In how many ways can 4 girls and 3 boys be seated in a row so that no two boys are together?

How many words, with or without meaning, can be formed from the letters of the word, ‘MONDAY’, assuming that no letter is repeated, if (i) 4 letters are used at a time? (ii) all letters are used at a time? (iii) all letters are used, but the first letter is a vowel?

If ^{20}C_{r} = ^{20}C_{r–10} then find the value of ^{17}C_{r}.

If ^{20}C_{r+1} = ^{20}C_{r–10} then find the value of ^{10}C_{r}.

If ^{n}C_{r+1} = ^{n}C_{8} then find the value of ^{22}C_{n}.

If ^{35}C_{n+7} = ^{35}C_{4n–2} then find the value of n.

Find the values of (i) ^{200}C_{198}, (ii) ^{76}C_{0}, (iii) ^{15}C_{15}.

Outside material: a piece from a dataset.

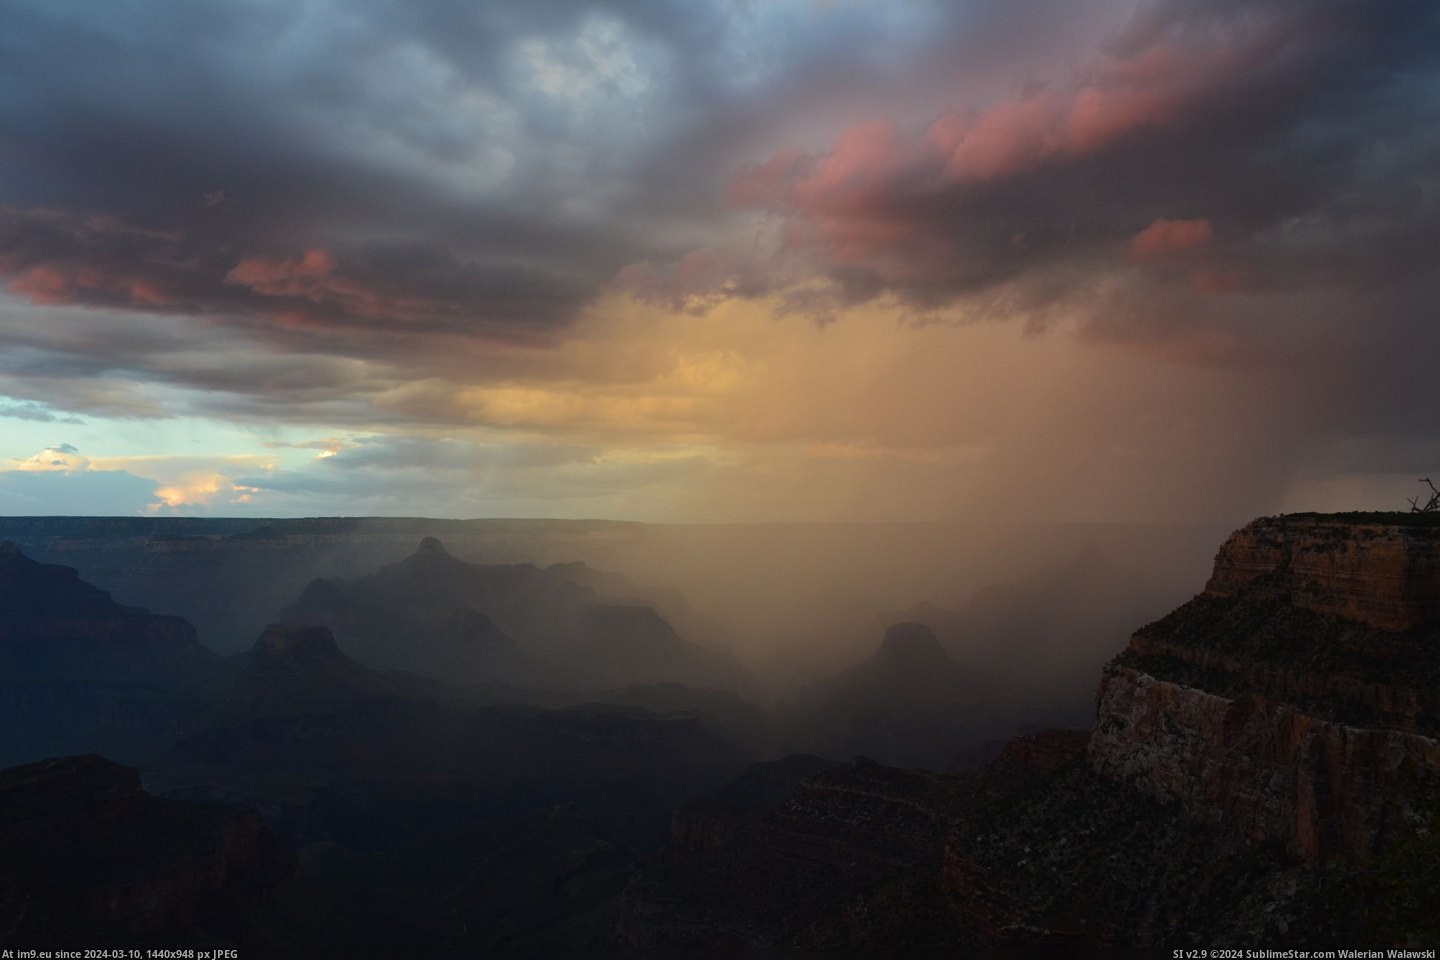 #Sunset #Canyon #Passing #2956x1958 #Grand #Storm [Earthporn] A storm passing through the Grand Canyon at sunset. [OC][2956x1958] Pic. (Image of album My r/EARTHPORN favs))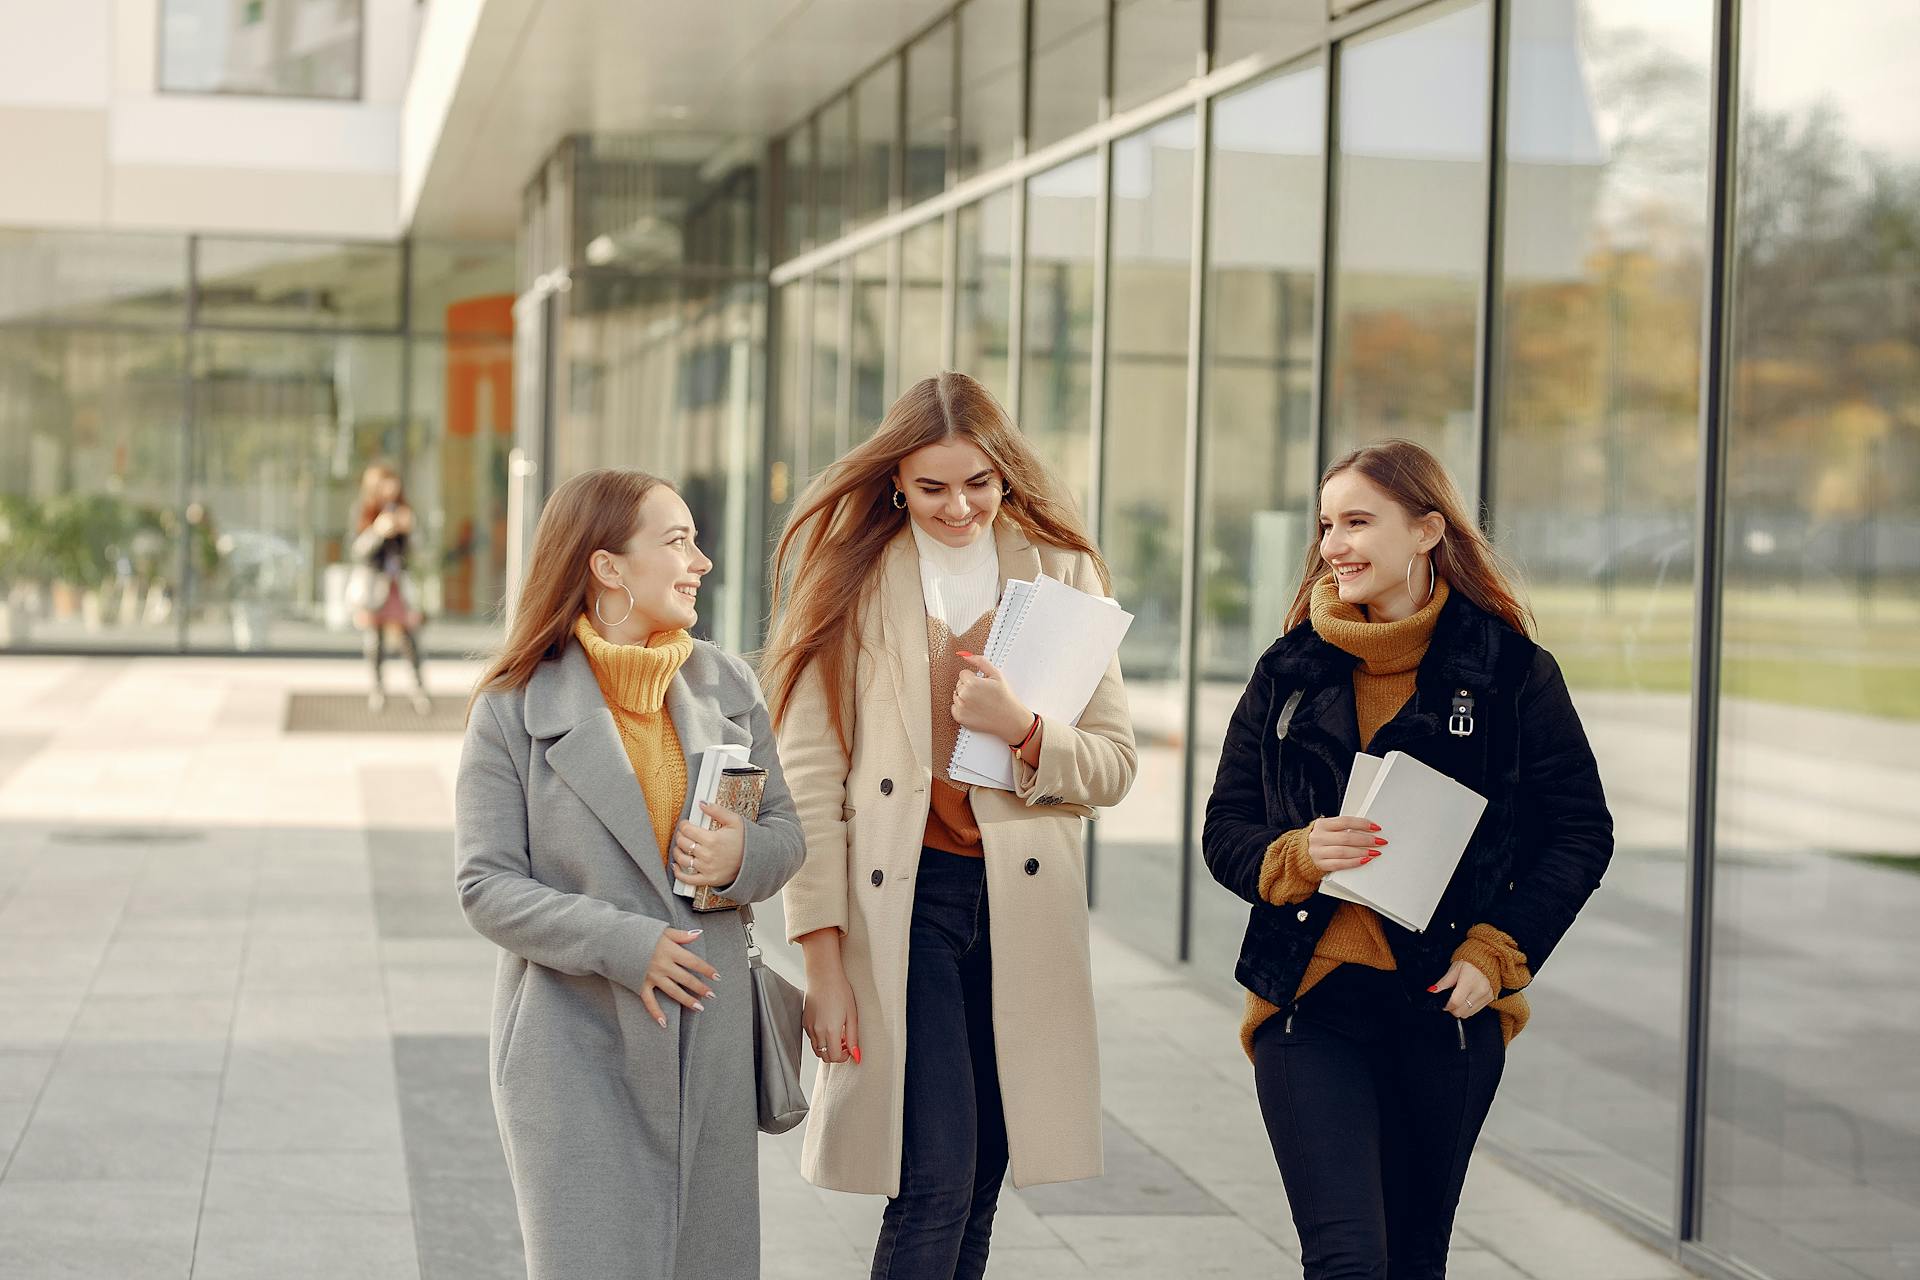 Three female students smiling while discussing their day in college | Source: Pexels

If ^{m}C_{1} = ^{n}C_{2} prove that m = n(n – 1).

Write the value of (^{5}C_{1} + ^{5}C_{2} + ^{5}C_{3} + ^{5}C_{4} + ^{5}C_{5}).

If ^{n+1}C_{3} = 2(^{n}C_{2}), find the value of n.

If ^{n}P_{r} = 720 and ^{n}C_{r} = 120 then find the value of r.

If ^{(n2–n)}C_{2} = ^{(n2–n)}C_{4} = 120 then find the value of n.

How many words are formed by 2 vowels and 3 consonants, taken from 4 vowels and 5 consonants?

Find the number of diagonals in an n-sided polygon.

Three persons enter a railway compartment having 5 vacant seats. In how many ways can they seat themselves?

There are 12 points in a plane, out of which 3 points are collinear. How many straight lines can be drawn by joining any two of them?

In how many ways can committee of 5 be made out of 6 men and 4 women, containing at least 2 women?

There are 13 cricket players, out of which 4 are bowlers. In how many ways can team of 11 be selected from them so as to include at least 3 bowlers?

How many different committees of 5 can be formed from 6 men and 4 women, if each committee consists of 3 men and 2 women?

How many parallelograms can be formed from a set of 4 parallel lines interesting another set of 3 parallel lines?